Merging can sometimes be a bit more complicated. For example, let's bring in one more dataset, this one a history of each player's batting statistics for each year. To do that, take the earlier read.csv
line, change Master.csv
to Batting.csv
, and save it into a variable called batting
:
batting = read.csv("http://dgrtwo.github.io/pages/lahman/Batting.csv")

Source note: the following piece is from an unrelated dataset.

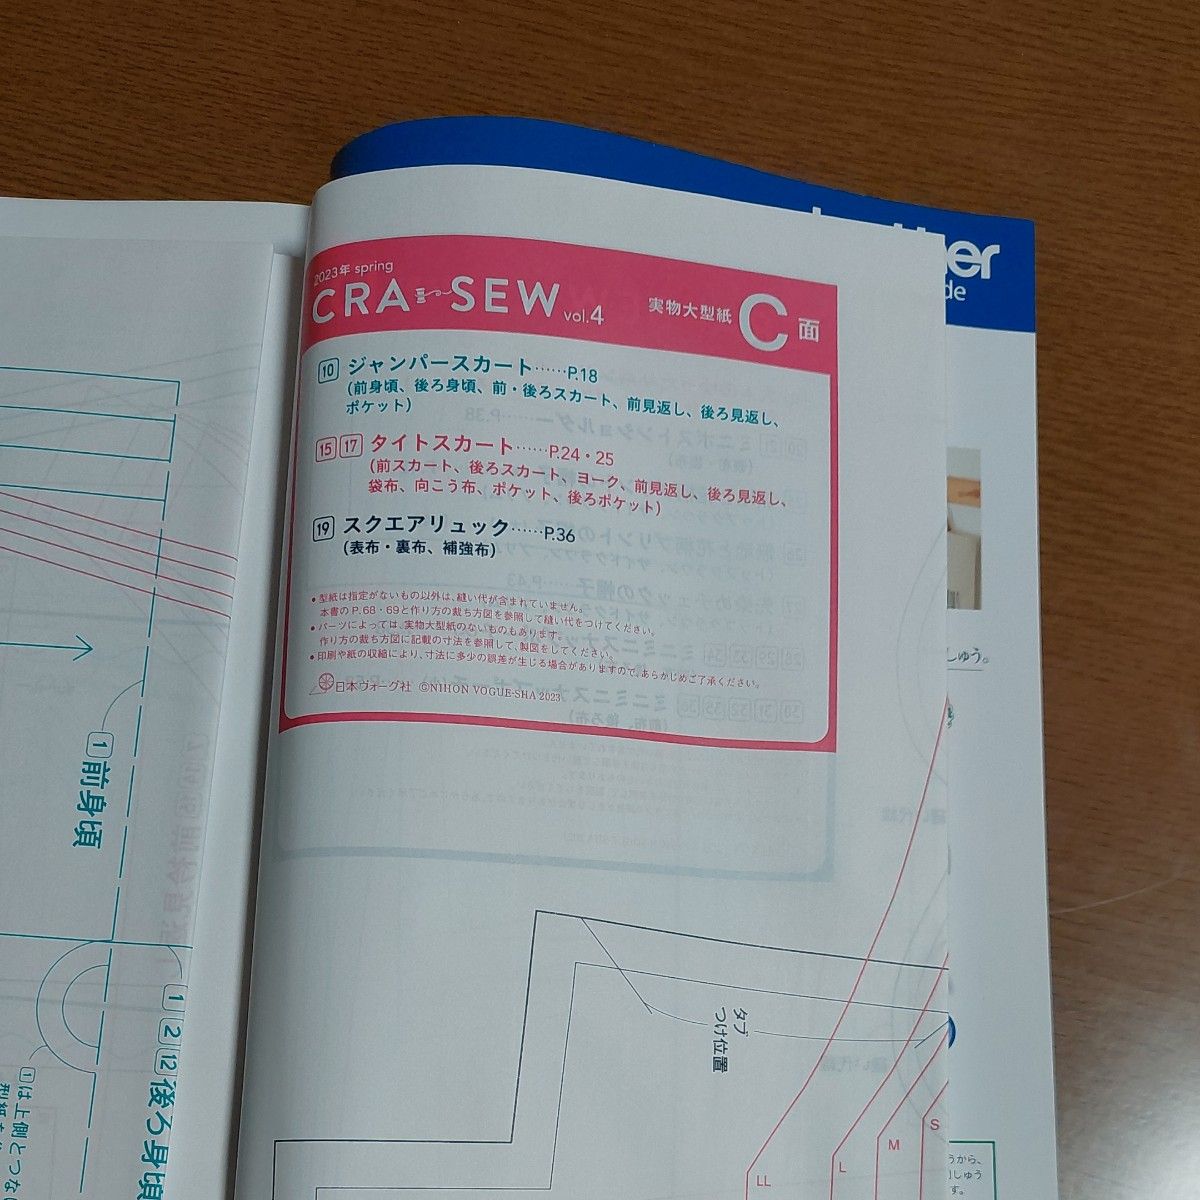 CRA-SEW vol.4 (Heart Warming Life Series)　表紙ワンピ&ブラウスの型紙付き

Then let's turn it into a data.table, just like we did for master
:
batting = as.data.table(batting)
batting
## playerID yearID stint teamID lgID G G_batting AB R H X2B X3B
## 1: aardsda01 2004 1 SFN NL 11 11 0 0 0 0 0
## 2: aardsda01 2006 1 CHN NL 45 43 2 0 0 0 0
## 3: aardsda01 2007 1 CHA AL 25 2 0 0 0 0 0
## 4: aardsda01 2008 1 BOS AL 47 5 1 0 0 0 0
## 5: aardsda01 2009 1 SEA AL 73 3 0 0 0 0 0
## ---
## 97885: zimmejo02 2013 1 WAS NL 32 32 65 4 8 1 0
## 97886: zimmery01 2013 1 WAS NL 147 147 568 84 156 26 2
## 97887: zitoba01 2013 1 SFN NL 30 30 34 3 5 0 0
## 97888: zobribe01 2013 1 TBA AL 157 157 612 77 168 36 3
## 97889: zuninmi01 2013 1 SEA AL 52 52 173 22 37 5 0
## HR RBI SB CS BB SO IBB HBP SH SF GIDP G_old
## 1: 0 0 0 0 0 0 0 0 0 0 0 11
## 2: 0 0 0 0 0 0 0 0 1 0 0 45
## 3: 0 0 0 0 0 0 0 0 0 0 0 2
## 4: 0 0 0 0 0 1 0 0 0 0 0 5
## 5: 0 0 0 0 0 0 0 0 0 0 0 NA
## ---
## 97885: 0 2 0 0 1 20 0 0 6 1 0 NA
## 97886: 26 79 6 0 60 133 2 2 0 3 16 NA
## 97887: 0 2 0 0 0 8 0 0 9 0 1 NA
## 97888: 12 71 11 3 72 91 4 7 1 6 18 NA
## 97889: 5 14 1 0 16 49 0 3 0 1 5 NA
This is the most complex dataset yet. Here, like the salary data, we have one row per player per year, and their team ID and league ID. But we also have many statistics summarizing how well he did at batting that year. For instance, G represents how many games the player played in, AB represents the number of times a player went up to bat (how many chances they had to get a hit), H represents the number of hits, and HR represents the number of home runs he scored (hitting the ball out of the park, which gets a run in just one hit).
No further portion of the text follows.